Build-a-Baby gets patented by 23andMe. Cue outrage. - fortepianissimo
http://pandodaily.com/2013/10/02/build-a-baby-gets-patented-by-23andme-cue-outrage/

======
a_bonobo
I think this is more gimmick than anything else, like most of the services
personal genomics companies provide.

SNPs don't tell you much about a person's perceived "beauty" and probably tell
you only little about disease risks, and there are myriads of problems in the
current literature of SNP-associations. Many associations (which go into this
baby predictor thing) turn out to be unreproducible once you check a more
diverse, or a bigger set of humans for associations. If you search Google
Scholar for "failure to replicate GWAS" you'll get 1940 results for 2013
alone.

The only predictions that work are the phenotypes you get from your population
history: eye color, hair color, skin color etc. But to predict that you don't
need SNPs, you only need eyes. That's also cheaper.

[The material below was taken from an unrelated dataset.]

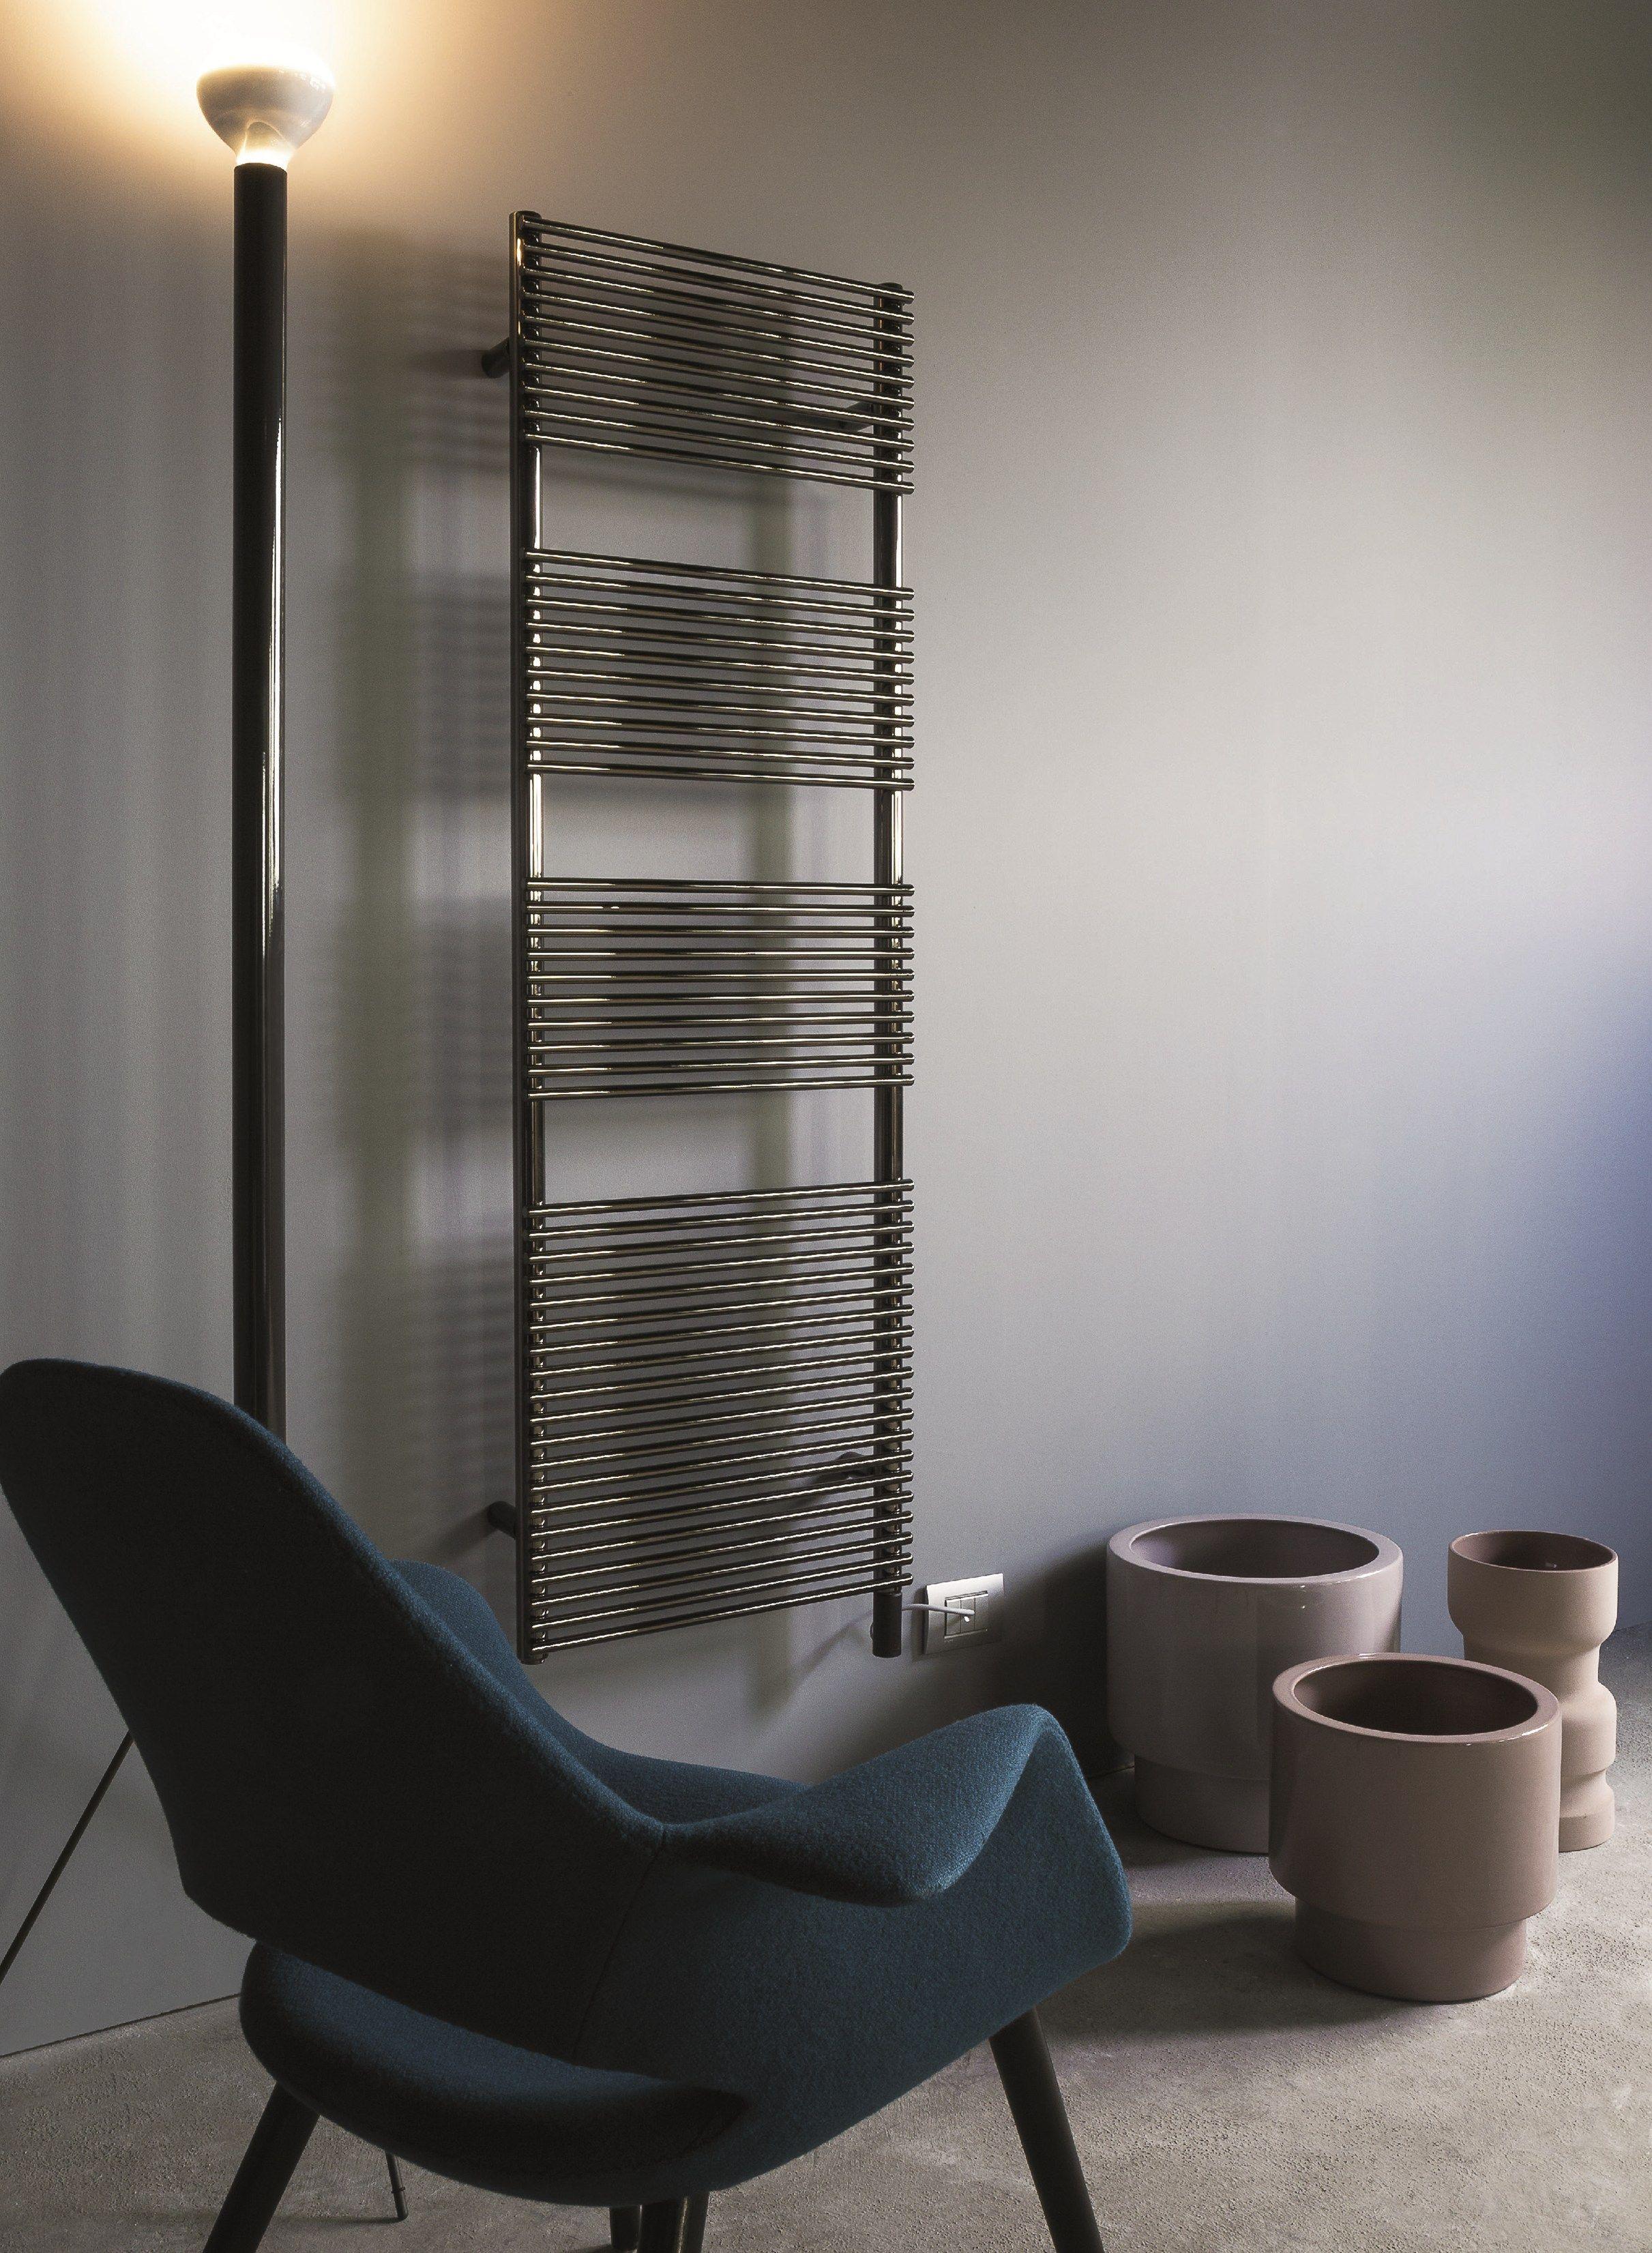 Basics 14 scaldasalviette a parete by tubes radiatori - Radiatori a parete prezzi ...

Edit: I'm not saying that GWAS are crap all in all - they're useful in science
in identifying candidate regions which may harbor genes related to favorable
traits like resistance to a certain disease etc. They're just not very useful
overall for private customers.

------
matthewbaker
Reading this comments constitutes an NDA signature:

Wrap a dating service around this and we can finally bring back the eugenics
movement.

OkSuperiorRace.com? PlentyofPerfects.com? eSuperhumanarmony.com?

With your special financial contribution, we can make this dream come true!